Cooling Issue in US Central Region Data Center

Incident Report for GroqCloud

Resolved

This incident has been resolved.

As a result of a lightning strike, one of our primary data centers in the US central region experienced cooling issues that resulted in an urgent powering down of all servers in the facility. Our global model scheduler was running on general-purpose compute in the impaired data center and the decision was made to re-locate it.

The actions taken resulted in all model instances globally being re-created causing significant degradation of service between 02:08 UTC and 02:24 UTC. Unfortunately, the scheduler isn't currently optimized for rapid model bringup in multiple regions at the same and manual intervention was required which delayed the recovery. By 02:27 UTC errors rates had dropped for ~3% and by 03:34 UTC had returned to standard levels.

Posted Jul 16, 2025 - 03:57 UTC

Update

We are seeing performance improvement across the impacted models as the team continues to remediate the issue.

Posted Jul 16, 2025 - 02:45 UTC

Update

We are continuing to work on a fix for this issue.

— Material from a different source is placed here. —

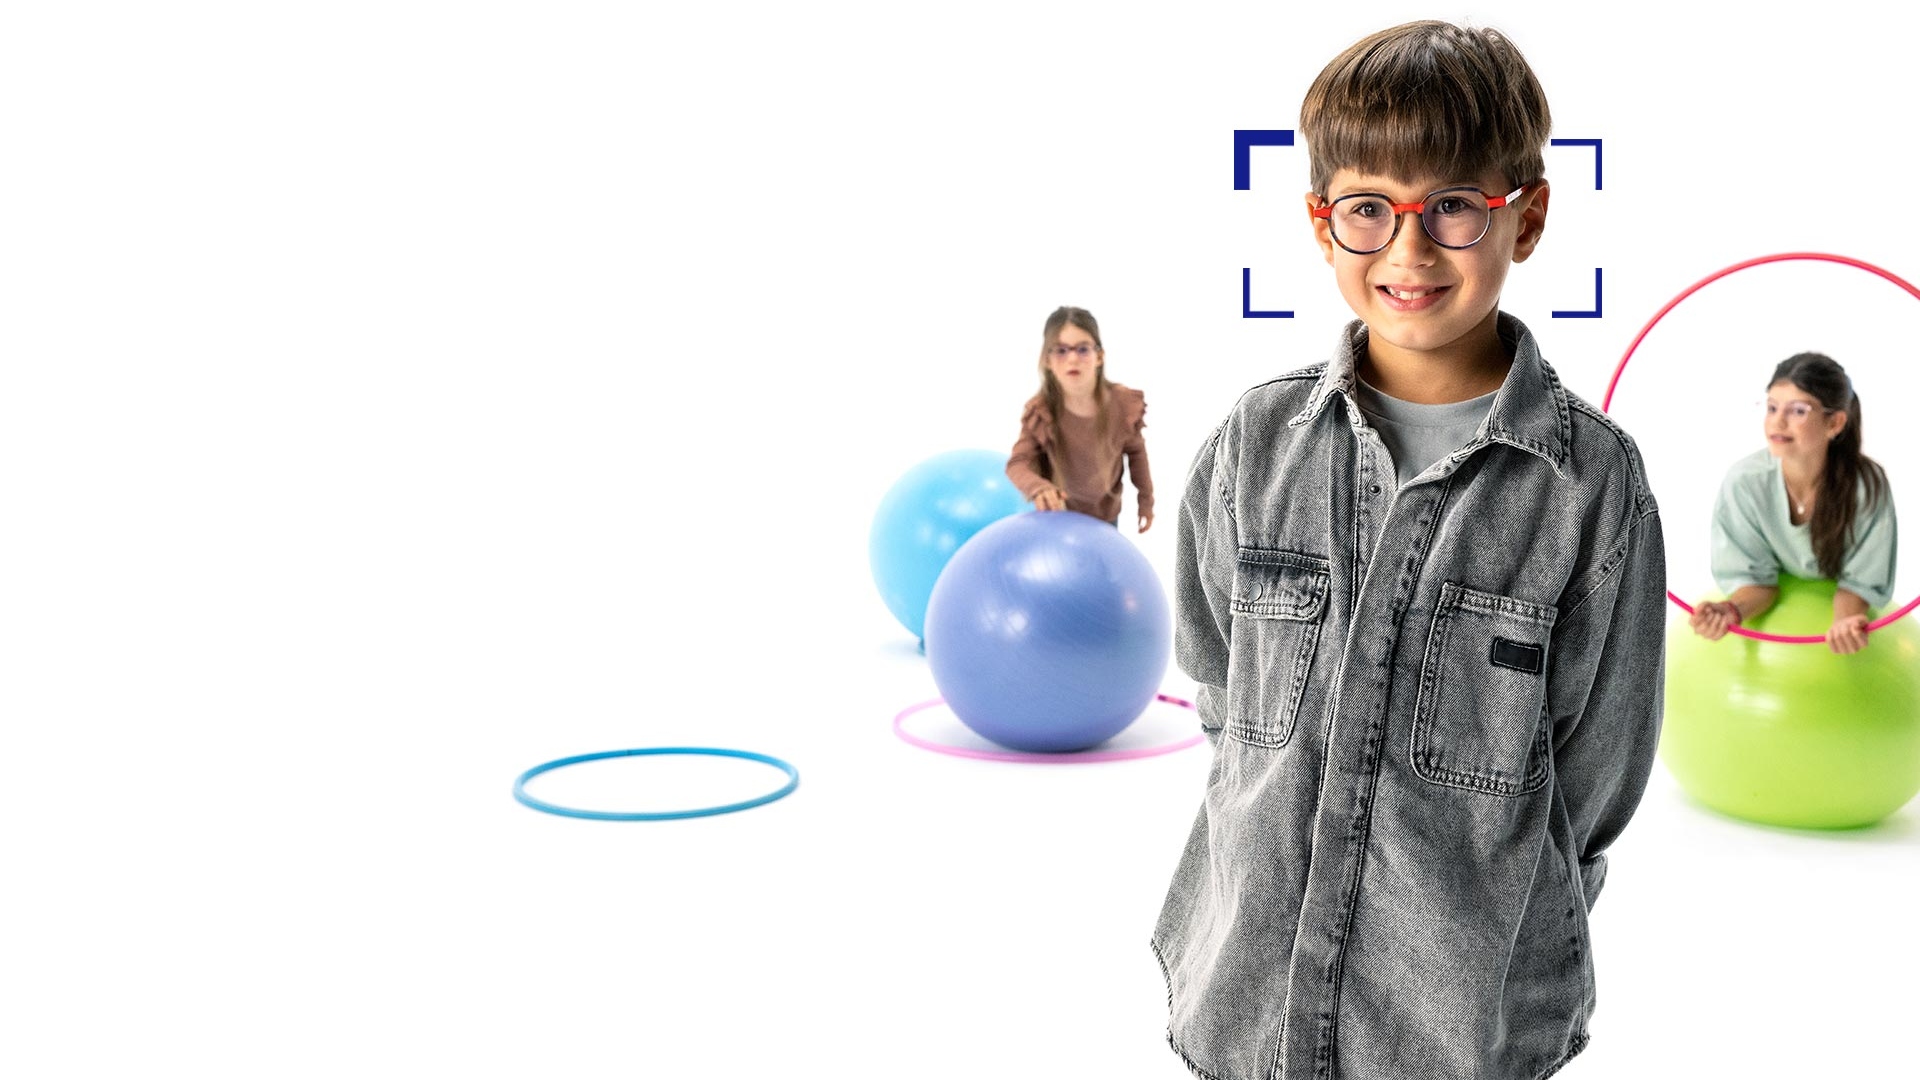 Barna hajú, kerek szemüveget és ZEISS MyoCare szemüveglencsét viselő kisfiú, aki az előtérben áll, és a kamerába mosolyog. A háttérben két ZEISS MyoCare szemüveglencsét viselő kislány játszik hulahoppkarikákkal és gimnasztikai labdákkal.

Posted Jul 16, 2025 - 02:17 UTC

Update

The team has identified the issue causing varying outage, elevated error rates, and latency across several models. They are working to implement a fix.

Posted Jul 16, 2025 - 02:02 UTC

Identified

The team is currently investigating an issue that may be causing errors across various models.

Posted Jul 16, 2025 - 01:31 UTC

This incident affected: API.